Additionally, you can specify a sparse vector of sharpened half-edges, where you can specify a smoothness between 0 and 1 (1 is the default) for each side of an edge. The edge is sharpened by moving the off-edge control points closer to their vertex, which tends to increase curvature along the specified edge. A crease is only formed at a smoothness of zero, when the cubic Bezier degenerates into a quadratic Bezier. Linked sharpened edges are also detected and their control points made colinear to ensure the edge curve is G1 continuous. Currently you cannot specify your own normals, but this could be easily added.

This higher-level API is simple to use, but certainly not optimal for all desired surfaces. It tends to work best when the mesh has enough resolution that the edges do not need to be highly curved and the triangles have fairly consistent edge lengths. It is ideal for sampling other surfaces (NURBS, marching cubes, level sets, etc.) and getting a high-quality approximation without too many vertices. I would love to see other approaches to generating these control points: anything from deep optimizations to manual design controls are possible.

Use in the Boolean

The mesh Boolean operates only on flat triangles, so it ignores control points and interpolation. In order to get an intersection between curved meshes, the mesh must first be refined to the level of precision desired before the Boolean is run on this larger number of flat triangles. Currently the API has just a single function Refine(n) that splits every edge into n pieces and fits the new triangles onto the interpolated surface. Eventually I'd like to have functions that refine each edge by different amounts, to target length, precision, etc. It could even be possible for the Boolean to refine on the fly as its broad phase finds potential intersections, thus only refining where needed.

Purpose of this library

So, why have I built this? Partly it's because I have become fascinated by computational geometry, and frustrated by the lack of performance and reliability even in extremely expensive state-of-the-art CAD systems. I saw an industry where most of the CAD kernels have their roots in the same 1970's Cambridge research lab, yet are so entrenched that disruption is nearly impossible. I decided open source was the only thing that stood a chance against not-invented-here and might attract enough collaborators to eventually become something useful.

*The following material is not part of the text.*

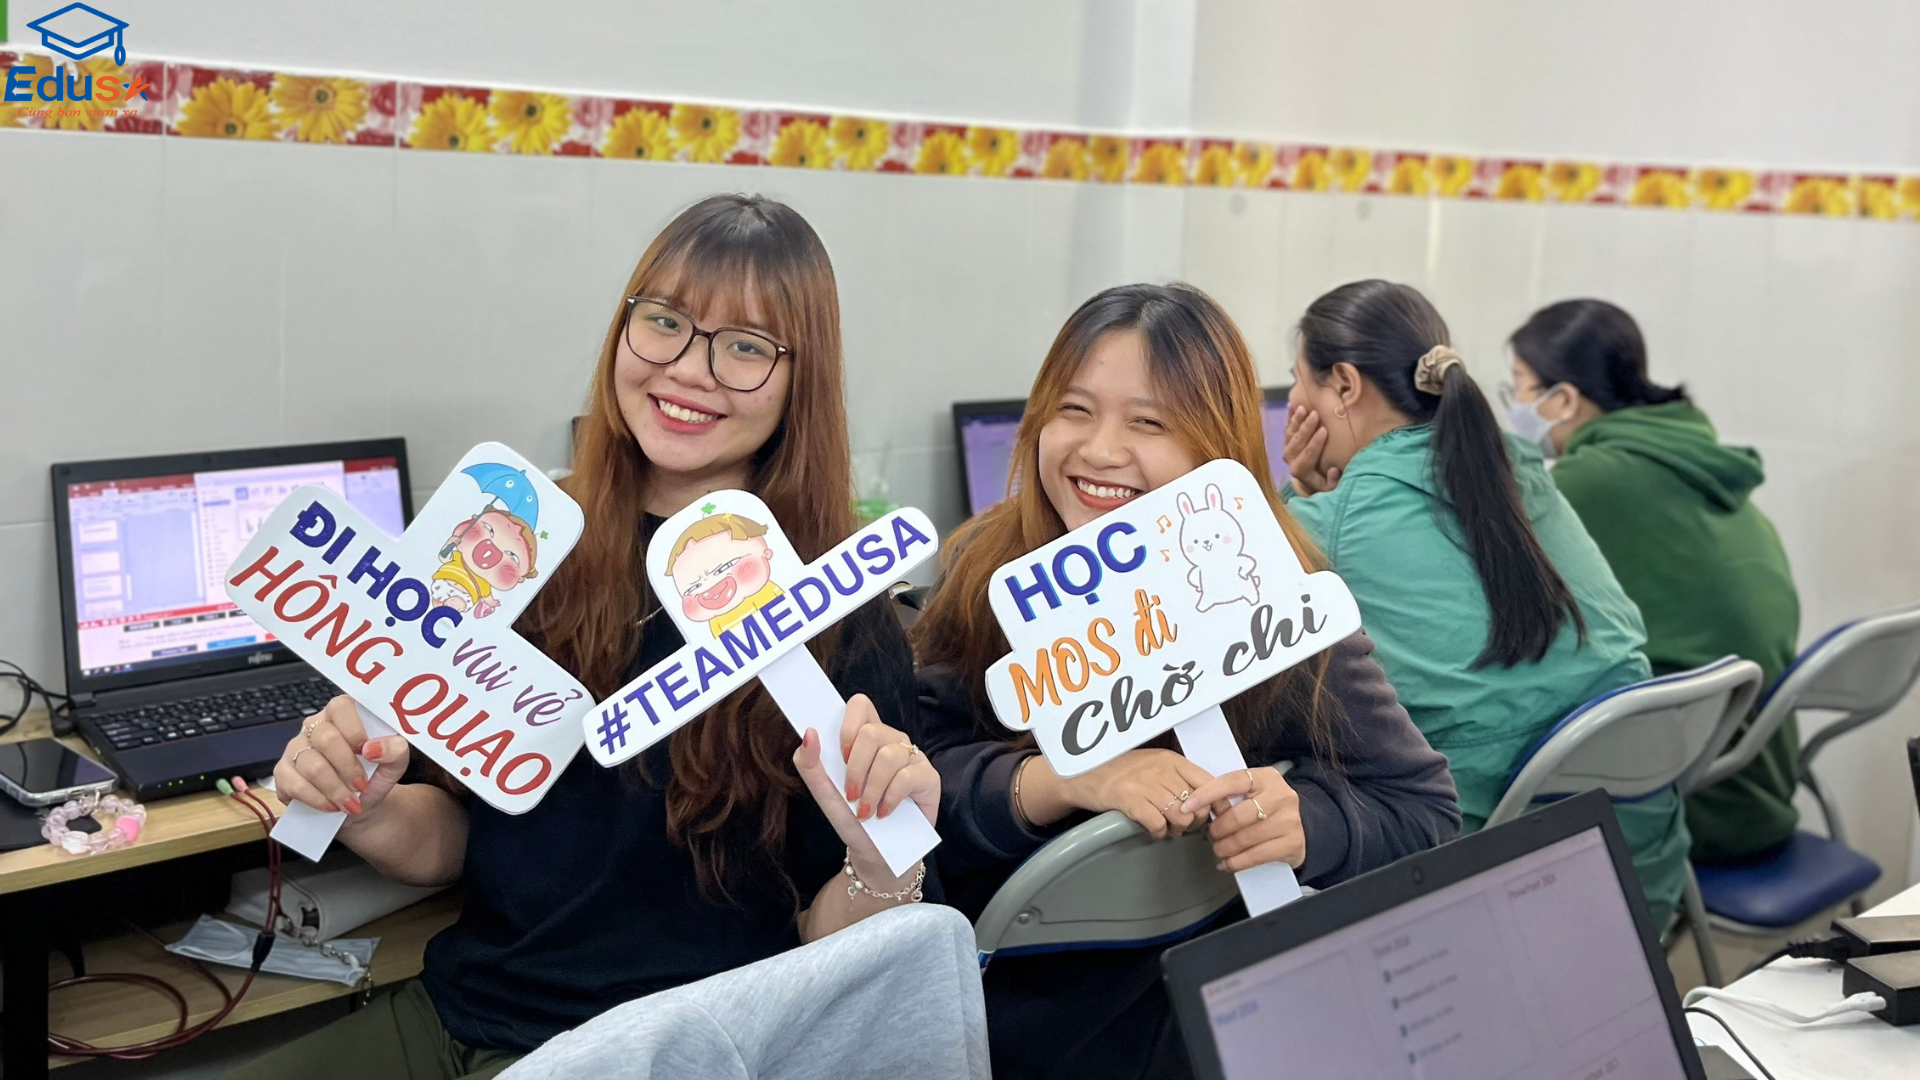 Trung tâm luyện thi chứng chỉ tin học cho sinh viên uy tín hàng đầu Việt Nam - EDUSA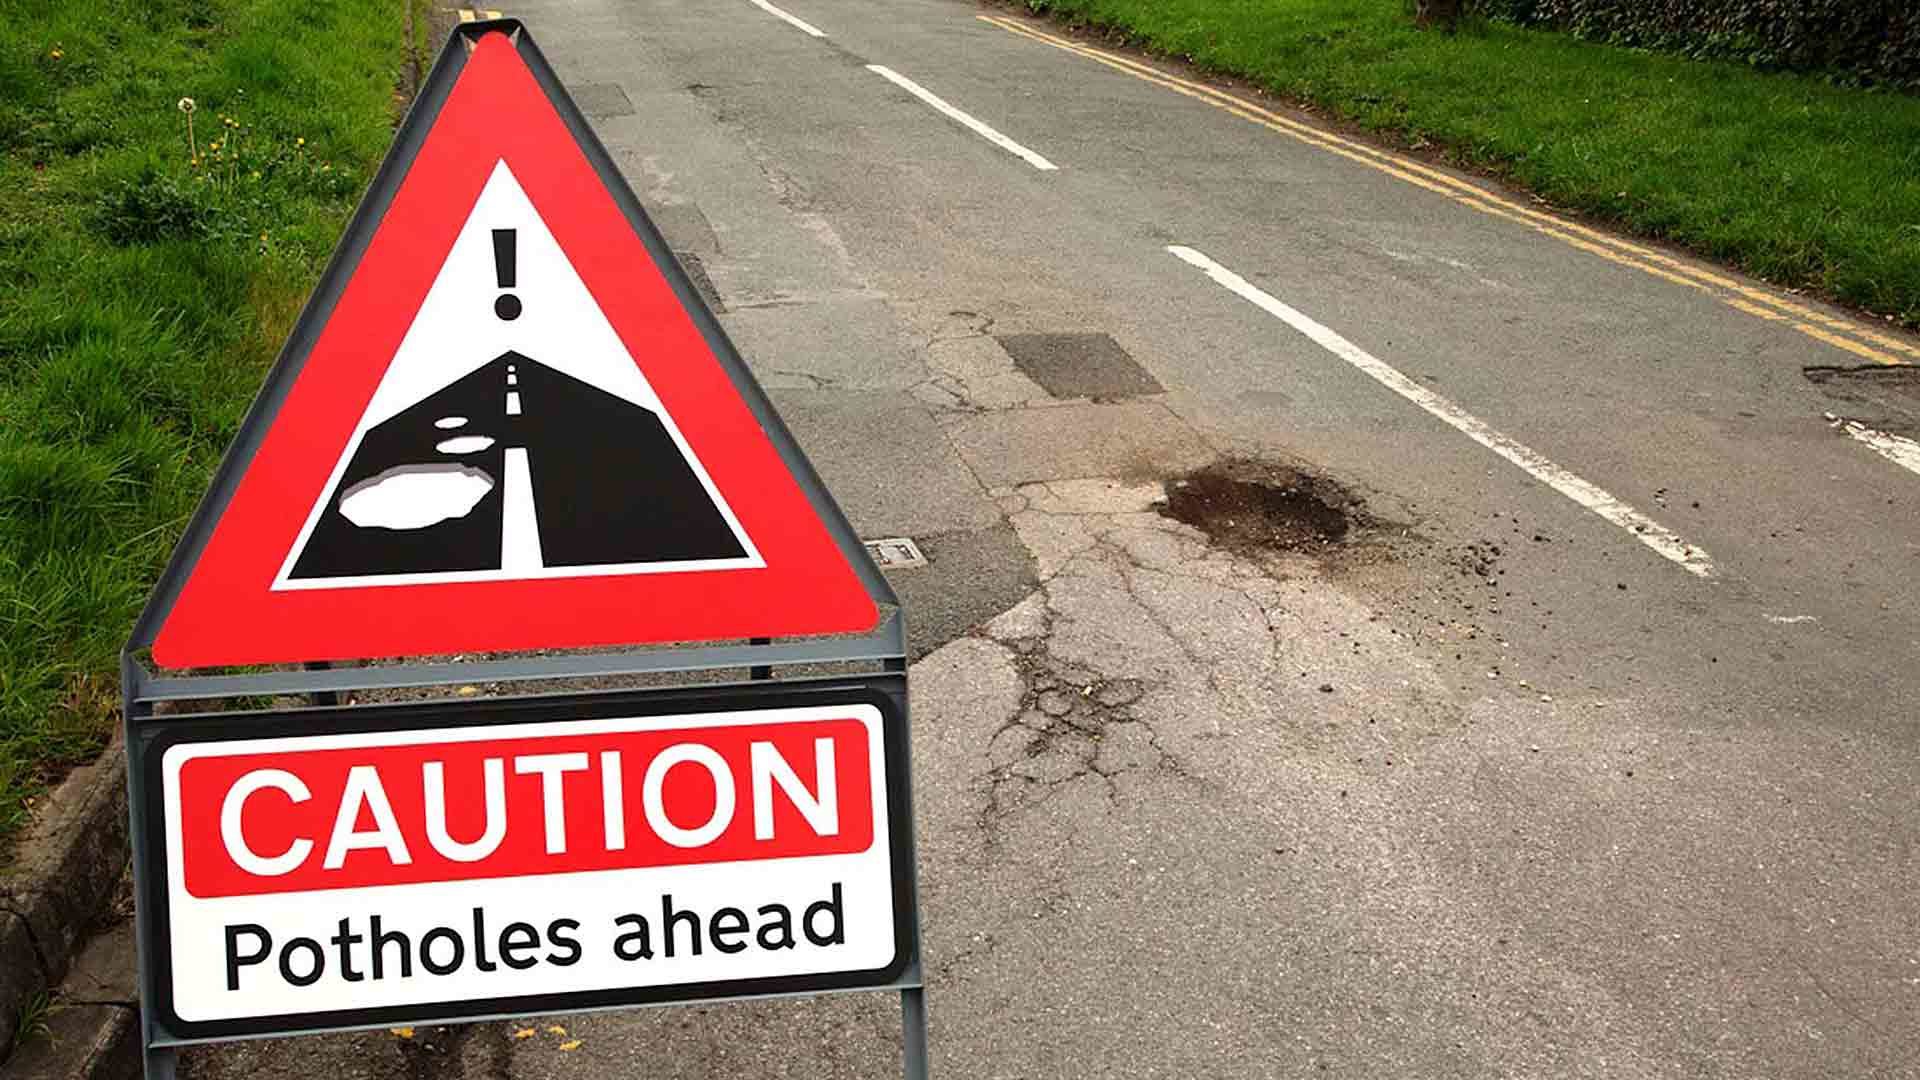 Potholes warning sign

This problem convinced me to become a software engineer (my PhD is in aerospace) because those were the tools I needed to solve it. I spent years working on it on and off by myself because I honestly didn't know if what I was promising was possible, and the world already has plenty of unreliable mesh Boolean libraries. I've finally released it because I now have confidence that it really is something new.

So, what about you? Do you have an idea for a new CAD application, analysis or optimization tool? Are you looking for a high-performance and reliable kernel? Or do you want to contribute to this kernel? This is really just an MVP; there is a whole world of things to try, of which my road map is just a teaser. I welcome you! I intentionally put this under an open license - I don't have much desire to pursue commercialization as my last startup experience left me with a bad taste in my mouth, but I would be overjoyed to help others who want to try. I'll be happy with recognition.